Projective geometry general question

Question

Can someone please help me solve this problem? I am a bit confused.

Embed $R^2$ in the projective plane $RP^2$ by the map $(x, y) → [1, x, y]$. Find the point of intersection in $RP^2$ of the projective lines corresponding to the parallel lines $y = mx$ and $y = mx + c$ in $R^2$ (where $c \neq 0$).

My attempt: So this transformation sends each point in $R^2$ to the line through the origin which is generated by the vector $(1,x,y)$. Then the line $y=mx$ will go to the set $[1,x,mx], x \in \Re, x \neq 0 $.

By the same reasoning, $y=mx+c$ will go to the set {$[1,x,mx+c], x \in \Re, x \neq 0 $}

The problem is I can't quite understand how to define the points at infinity.I don't want to just do the question, I'd like to understand the basics and will be very grateful if someone could help me.

Answer 1

It's true that points of the form $[1,x,mx]$ for $x\in\mathbb{R}$ (there is no reason to discard $x=0$) are on the embedded copy of the line $y=mx$. However, you have not addressed the "projective lines corresponding" part of the problem. The projective line will contain the embedded copy of the regular ("affine") line, but also contain more.

You probably have in your notes or textbook some explanation about how to find projective lines/curves, but I'll try to motivate the idea. If you have an equation like $y=3$, it makes sense in the affine case, but is a bad definition in projective space since $[z,x,y]=[1,1,3]$ represents the same point as $[2,2,6]$. You need to correct the equation so that it remains unchanged when the variables are replaced by multiples, and the way to do that is with your extra variable, which I've called $z$. The projective version is $y=3z$ since now every term has the same total degree.

Do $y=mx$ and $y=mx+c$ make sense in projective space? Which triples $[z,x,y]$ satisfy the projectivized versions of the equations $y=mx$ and $y=mx+c$? Some of them are points you had before, but some of them should be new.

Answer 2

You must homogenize the equations first. $$y=mx$$ is already homogeneous.

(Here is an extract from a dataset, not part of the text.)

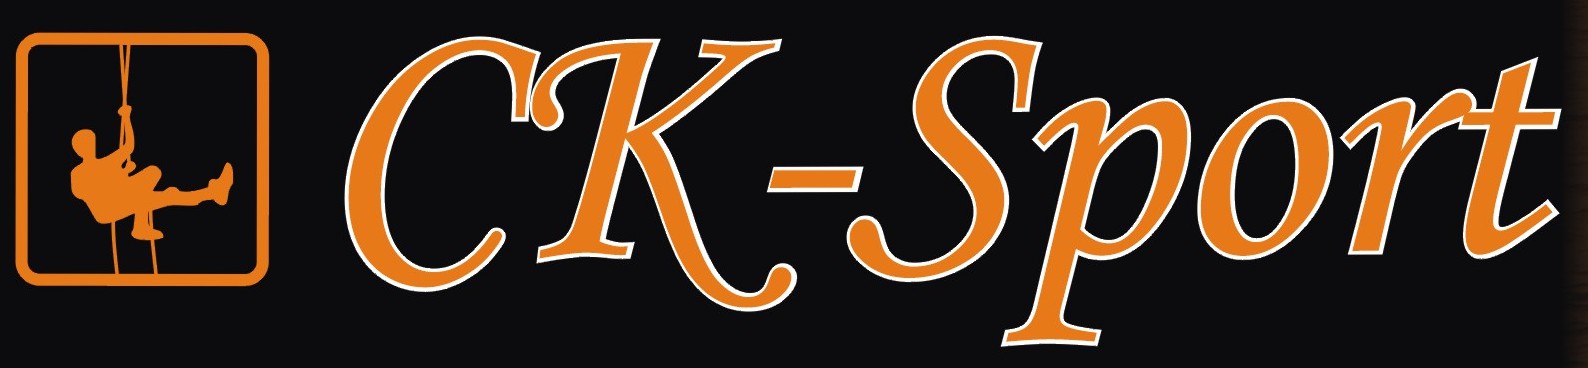 Ck-sport-logo
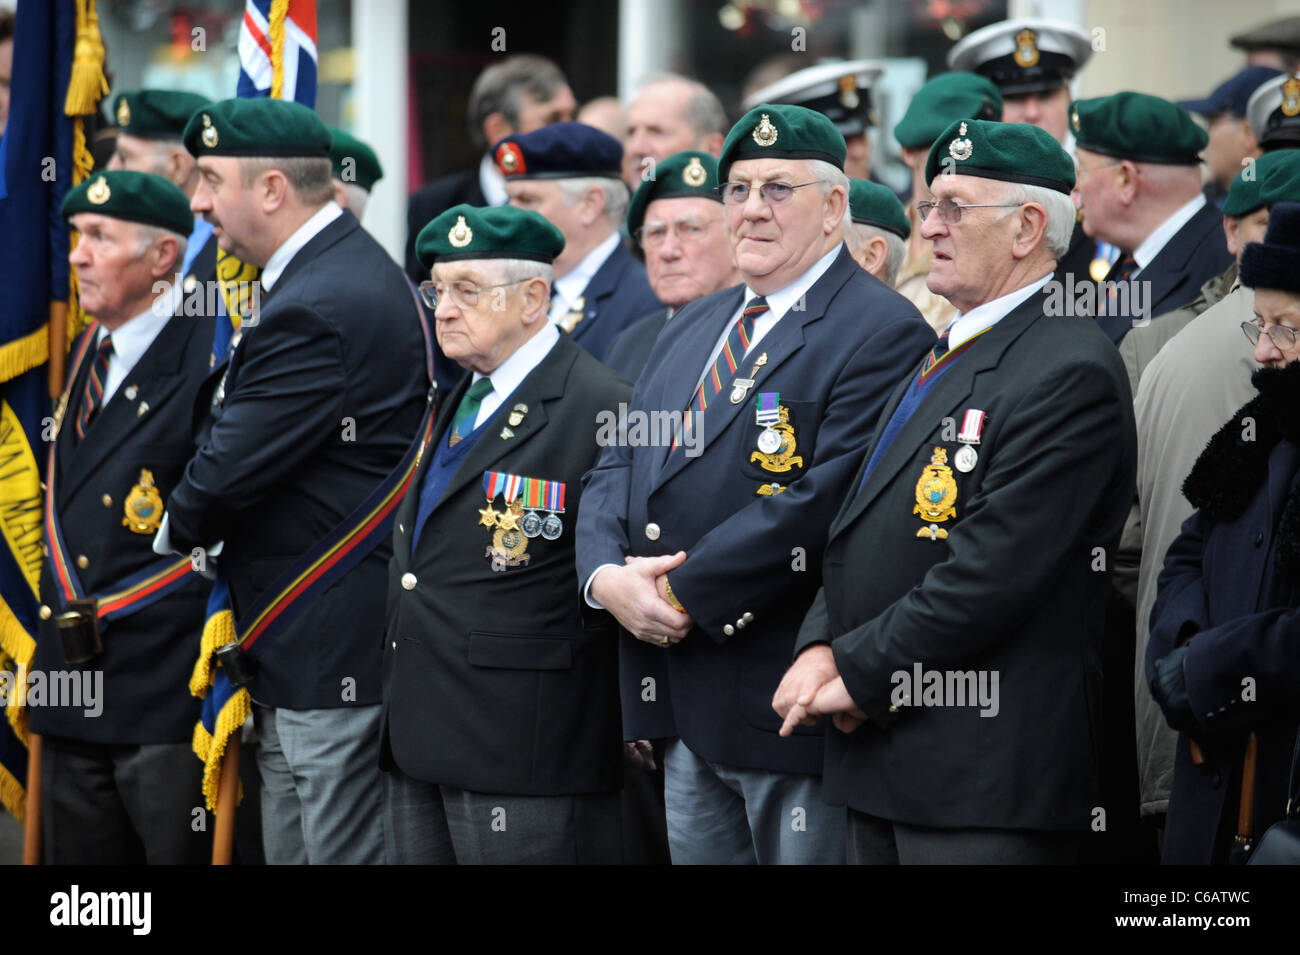 Royal Marines veterani tra persone in lutto si sono riuniti per una cerimonia di rimpatrio a Wootton Bassett, Wiltshire REGNO UNITO Dic 2008 Foto Stock

But $$y=mx+c$$ is not. Thus replace $x,y$ by $\frac{x}{z}, \frac{y}{z}$, $$\frac{y}{z}=m\frac{x}{z}+c$$ and multiply by $z$,

$$y=mx+cz.$$

Now solve the simultaneous equations $$y=mx$$ $$y=mx+cz$$ to get $z=0$ thus the intersection is

$$[0,x,mx]=[0,1,m].$$

Answer 3

A useful model to keep in mind for this embedding is that of the plane $z=1$ in $\mathbb R^3$. As you wrote, the transformation (well, really the map $(x,y)\mapsto(x,y,1)$ now) sends a point in $\mathbb R^2$ to a line through the origin, but that line isn’t contained in the $z=1$ plane. With a bit of thought, you should be able to convince yourself that lines in $\mathbb R^2$ get mapped to planes through the origin in this model, and that such a plane can be uniquely identified with the equivalence class of its normals. Two distinct such planes always intersect in a line, which you can map back to $\mathbb R^2$ by finding its intersection with $z=1$ (i.e., by dividing by $z$).

If we take a pair of planes that correspond to parallel lines in $\mathbb R^2$, they, too, intersect in a line, but that line is parallel to the plane $z=1$, that is, it consists of points of the form $(x,y,0)$, so points at infinity will have the form $[0,x,y]$. If you play around with this a bit, you’ll find that there’s a point at infinity for each possible direction that a line can have, and that the line at infinity corresponds to the plane $z=0$ in this model.

Update: I’ll add one other observation that might be helpful to you in solving this problem. Just as the equation of the plane in $\mathbb R^3$ can be written in the form $\mathbf n\cdot\mathbf x=0$, so can the projective equation of a line in $\mathbb{RP}^2$. That, together with the fact that points at infinity have the form $[0,x,y]$ should let you find the point at infinity for any given line.